Update: New socket pictures show a lot more pins than just 6, you can check the link out in the comments below.
[Mini-Editorial] I was pretty impressed by ASUS’s recent innovation in the socket sector. I am talking ofcourse about the ASUS OC Socket, which boasts improved OC performance by granting the user more stability and higher voltage control thanks to more pins. Now while this all an impressive feat for an AIB to do, it begs the question whether we are looking at LGA 2011 at all.
Is the ASUS OC Socket Intel LGA 2011 at all? Or is it actually the ‘LGA 20XX’ Homegrown Socket?
The LGA 2011-3 is Intel’s Socket designed to be used with its HEDT Processors. Now the 2011 indicates the amounts of pins in the socket and the ‘3’ indicates the revision of the socket. Now that means that any LGA 2011 socket will have exactly 2011 pins. So is the ASUS OC Socket LGA 2011 then? Umm, no technically it is not. The ASUS OC Socket is compatible with the LGA 2011 but it is not in reality 2011. If you were to give it a name in Intel’s current nomenclature it would be LGA 2017 (the OC Socket has 6 additional pins apparently). Since ASUS has basically designed a completely new socket, I wouldn’t expect it to be rock solid and completely bug free at launch.
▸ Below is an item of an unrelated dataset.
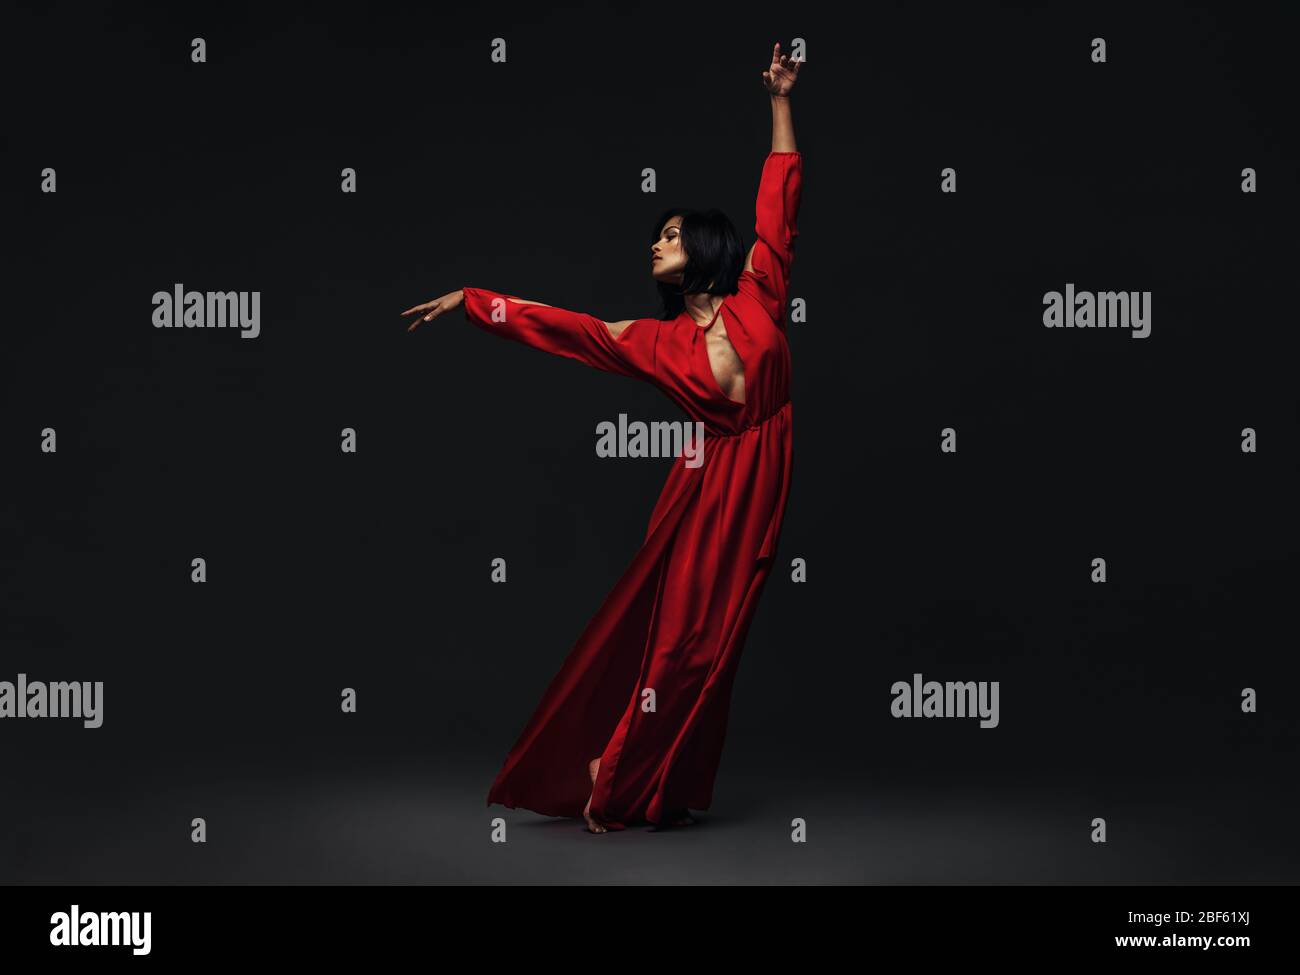 In voller Länge tanzt eine junge schöne Frau zeitgenössischen Tanz. Frau in rotem Kleid Durchführung schönen Tanz bewegt sich über schwarzen Hintergrund. Stockfoto

Let’s take a closer look at what exactly ASUS has accomplished. Haswell uses an FIVR (Fully Integrated Voltage Regulator) and as the new processor architectures have appeared, Intel has become more and more secretive about the workings of the pinouts. Not knowing where the voltage lines lay, ASUS basically bruteforced the entire contact points present on 2011 processors to figure out where the new pins should touch to grant unhindered access to voltage. The result? ASUS OC Socket lets you effectively bypass any FIVR compulsions Intel has in place. This means that you will be able to achieve higher and more stable overclocks probably at a lower voltage. I have a feeling ASUS might be a trend setter with this and seeing they already have a patent pending, might earn big bucks from it too.
And that’s not it either. We already know that Intel is dropping the FIVR, so it doesn’t come as a surprise that it is not that fine tuned because the extra pin outs on an ASUS Proprietary OC Socket allow access to voltage lines for DDR4 Voltage, enabling greater overclocking than you would normally be able to achieve. Now we didn’t receive an ASUS X99 Deluxe engineering sample so Overclockers.ru was kind enough to send us an image of the box art. They claim a 60% improvement in the CPU sector and 12.5% improvement (3000Mhz) for DDR4 RAM. Now there’s something else I noticed here, ASUS’s language is quite loose, these extra six pinouts might just be the six sections where the excess contacts are. Which means that there could be more or less than just six pins. Either way, you know the drill. Whatever the additional pin count is, add that to 2011 and you get the real name of the socket present in these special ASUS mobos.